Initially, the actual territory of the Far Eastern Republic occupied only a small part of Transbaikalia with its center in the city of Verkhneudinsk (now Ulan-Ude). But already in May 1920, during negotiations with the Japanese command, an agreement was reached on the withdrawal of Japanese troops from Transbaikalia and the Amur region, which was carried out by the Japanese until October 21, 1920. After this, defeating the White Guards was not very difficult for the NRA of the Far Eastern Republic. In Primorye at this time, power belonged to the Primorsky Zemstvo Council, which was also dominated by the Bolsheviks and their sympathizers. This made it possible to announce the liberation of the entire territory of the Far Eastern Republic and hold elections to the Constituent Assembly of the Far Eastern Republic in February 1921.
But in May 1921, a White Guard coup took place in Vladivostok. The Whites asked the Japanese not to leave Primorye. Under these conditions, the Far Eastern Republic relied on the support of the United States, in which the party opposed to interference in the affairs of Soviet Russia has always been strong. In addition, the United States sought to prevent Japan from strengthening its position in the Far East. US pressure forced Japan to resume negotiations with the Far Eastern Republic on the withdrawal of troops. In addition, the delegation of the Far Eastern Republic arrived in December 1921 at the international conference on settlement in the Asia-Pacific region that opened in Washington.
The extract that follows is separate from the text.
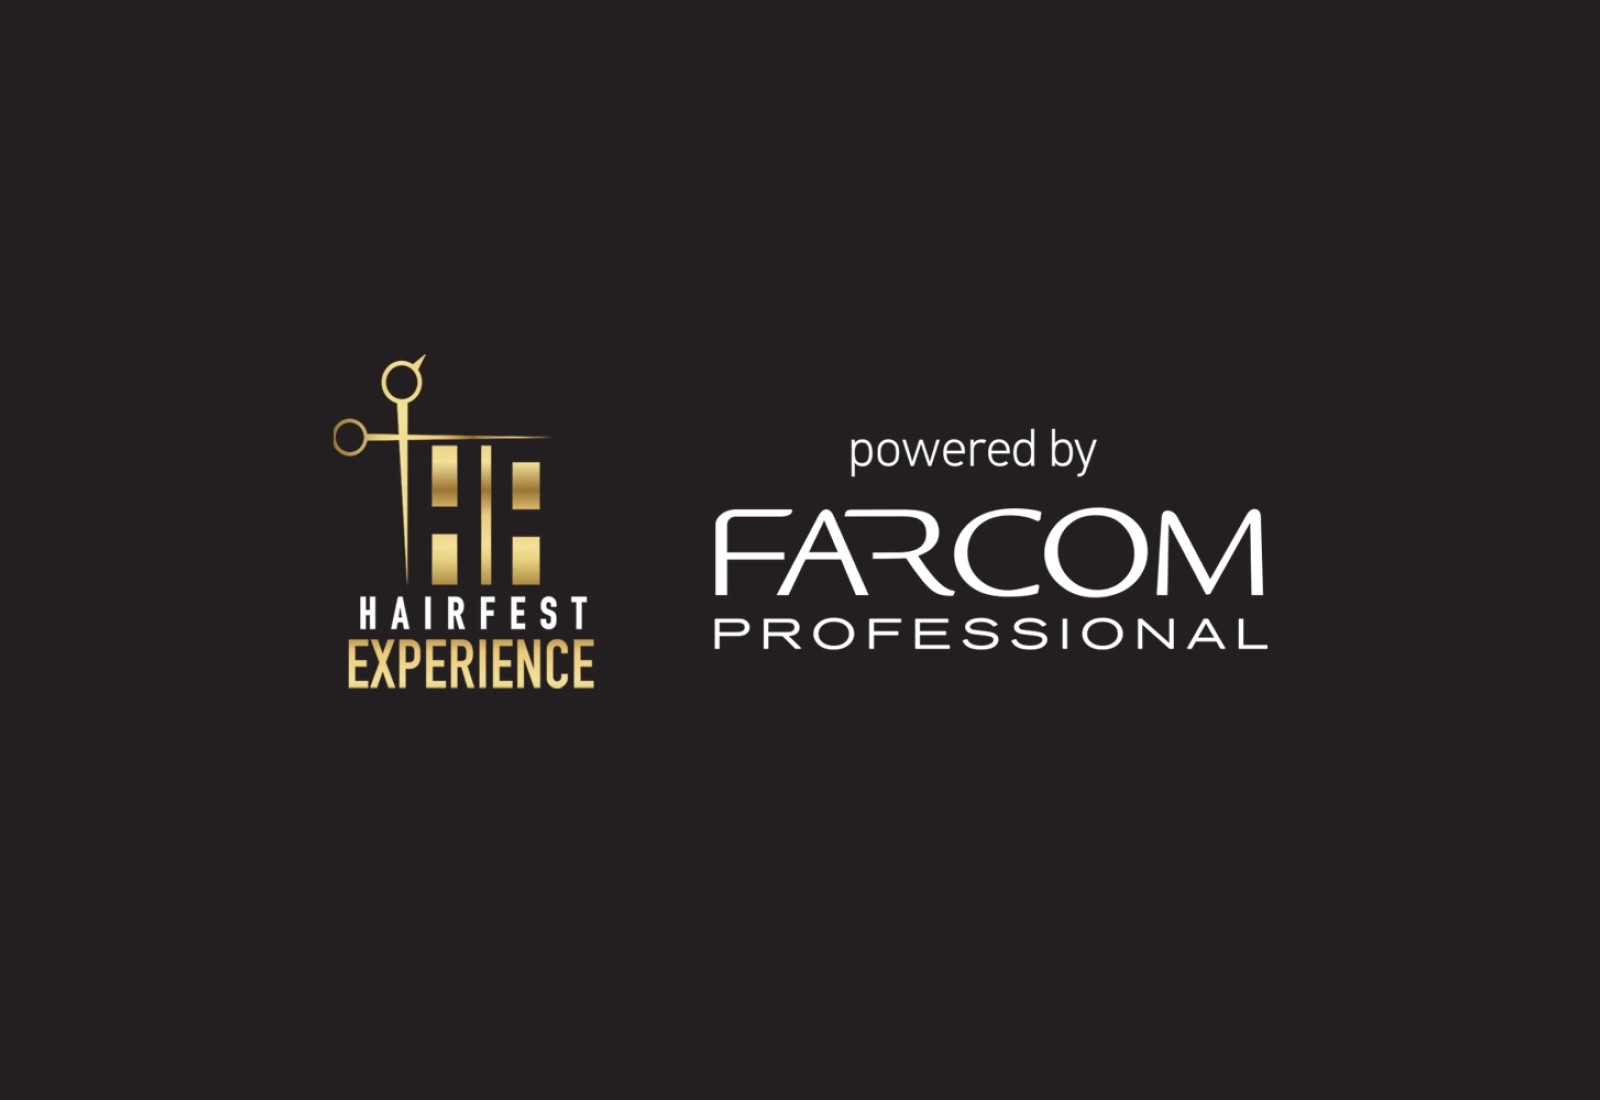 Farcom Professional, grand sponsor of the Hairfest Exeperience

Although the Far Eastern Republic did not receive official diplomatic recognition, the delegation made full use of its stay in America to influence the ruling circles of the United States. Japan several times interrupted negotiations with the Far Eastern Republic on the withdrawal of troops, but did not provide armed support to the White Guards. They were forced to retreat as Japanese troops were gradually withdrawn to Vladivostok. Finally, on October 10, Japan agreed to withdraw troops from Primorye, which was completed by October 24. The next day, NRA units entered Vladivostok.
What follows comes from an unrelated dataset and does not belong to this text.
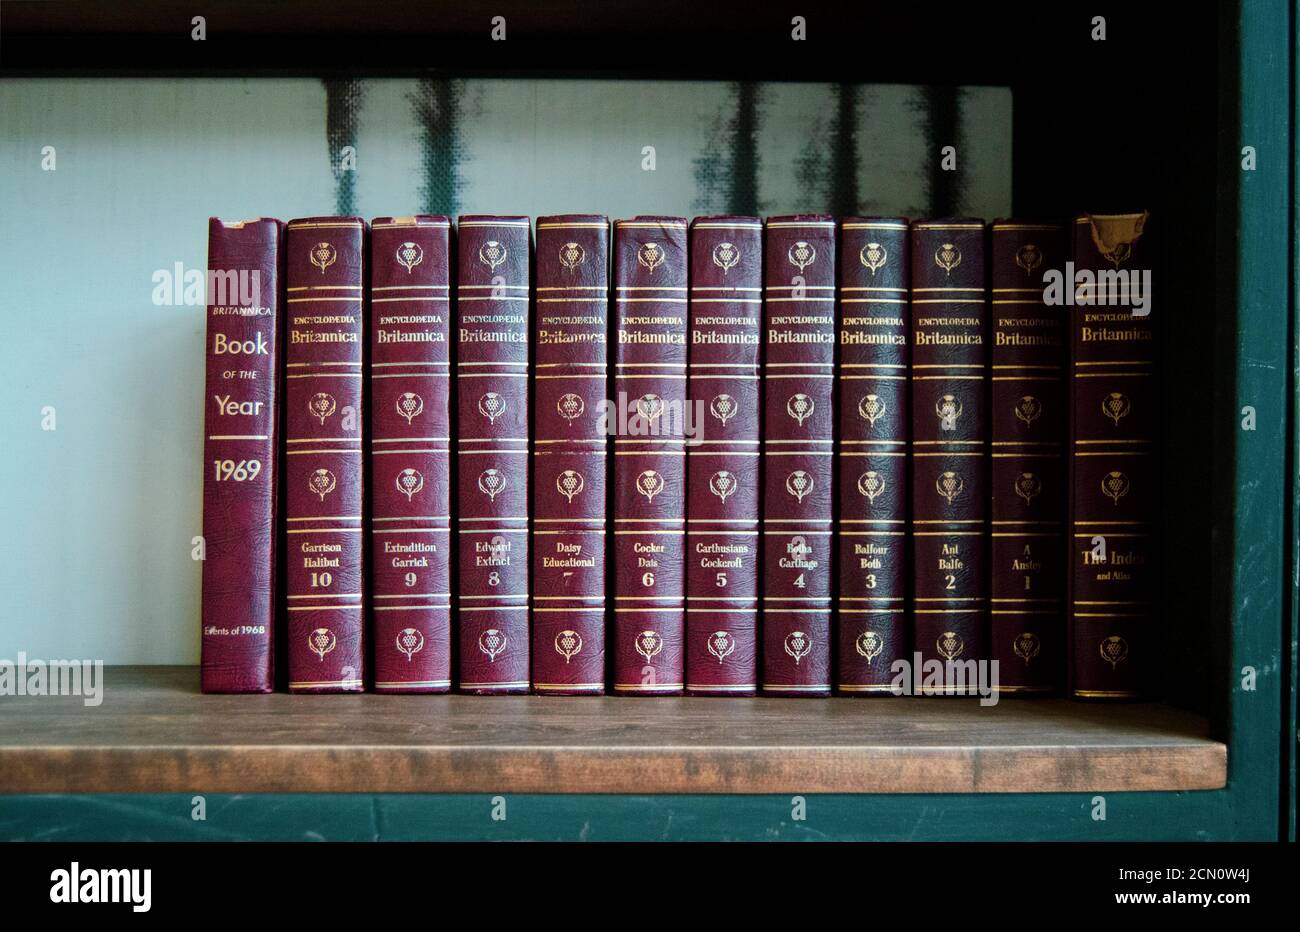 A row of vintage encyclopedia Britannica books on the shelf. Stock Photo

The Constituent Assembly of the Far Eastern Republic, which transformed itself into the People's Assembly - the highest authority of the buffer state - was multi-party. Most of the seats in it belonged to the non-party left peasant faction that followed the Bolsheviks - 183. 92 deputies were members of the Bolshevik Party. The right-wing peasant faction had 44 mandates. In addition to them, in the parliament of the Far Eastern Republic there were 24 Socialist Revolutionaries, 13 Mensheviks, 9 Cadets, 3 People's Socialists, 13 Buryat autonomists. In June 1922, elections to the People's Assembly of the 2nd convocation were held. They were held according to party lists and a proportional system. 85 seats out of 124 were won by candidates from the bloc of “communists, trade unions, former partisans and non-party peasants.” Only one session of the People's Assembly of the 2nd convocation took place - November 14, 1922 - at which 88 of the 91 deputies who arrived voted for the abolition of the Far Eastern Republic and the entry of its territory into the RSFSR on the basis of Soviet laws.
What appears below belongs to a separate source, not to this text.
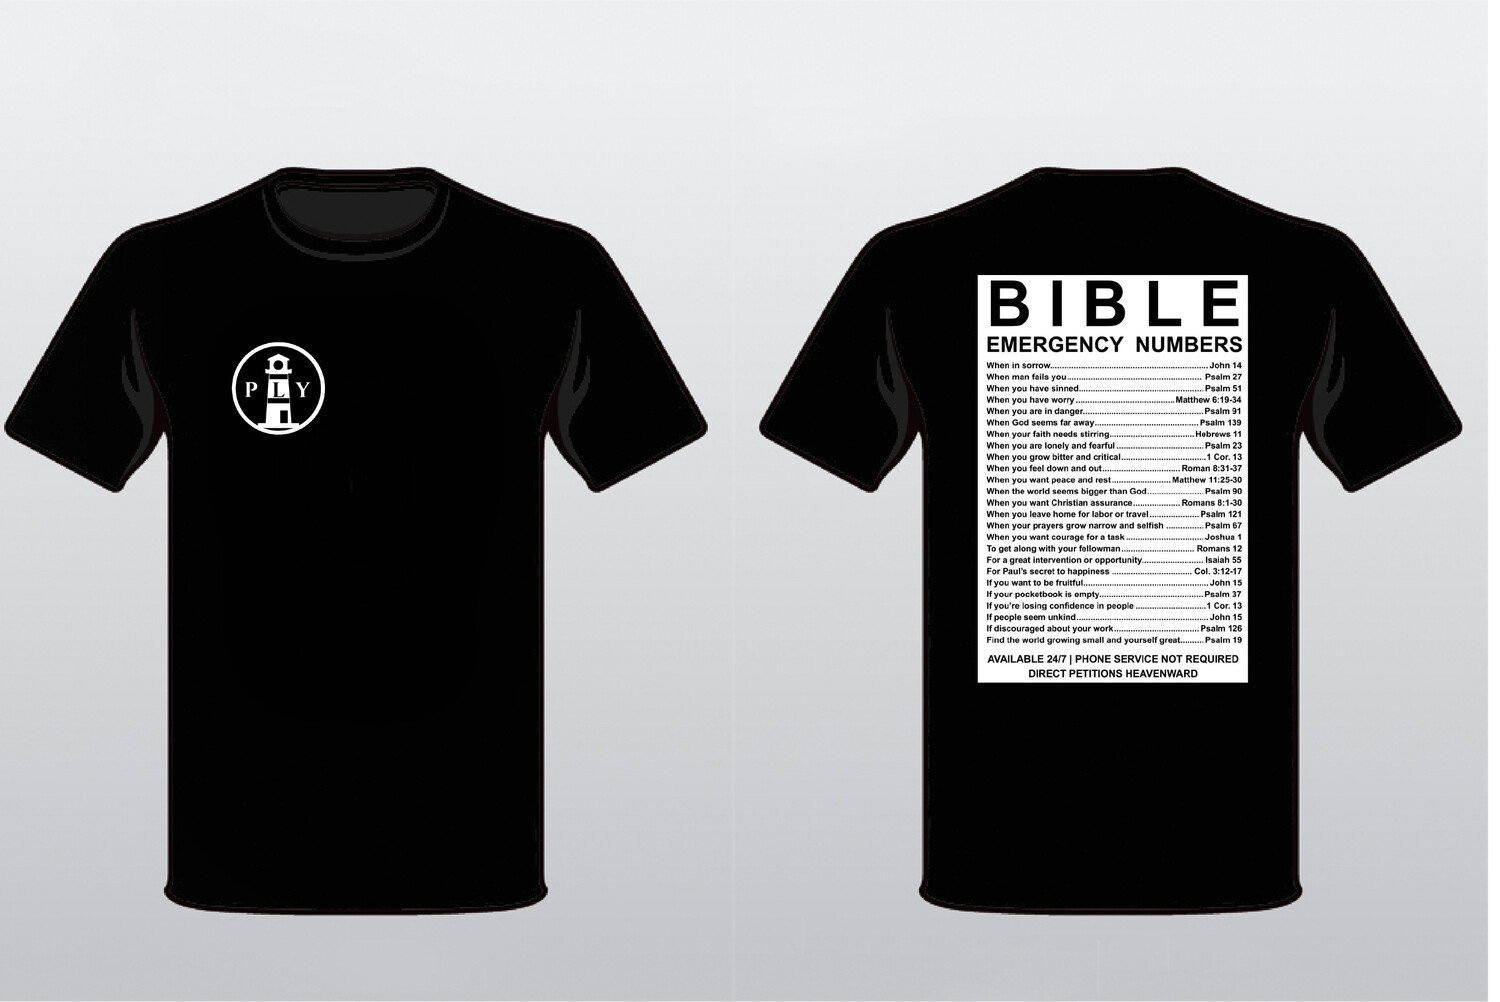 Bible Emergency PLY Shirts

The laws of the Far Eastern Republic regarding religion and churches were less strict than in Soviet Russia; in particular, a church wedding had equal rights with civil registration of marriage. The Buryat-Mongolian Autonomous Region was created in the Far Eastern Republic; it was allowed to create schools teaching in national languages (for example, Ukrainian schools operated in Primorye). There was its own currency in circulation - the Far Eastern ruble. Since the end of 1920, the capital of the Far Eastern Republic has been Chita.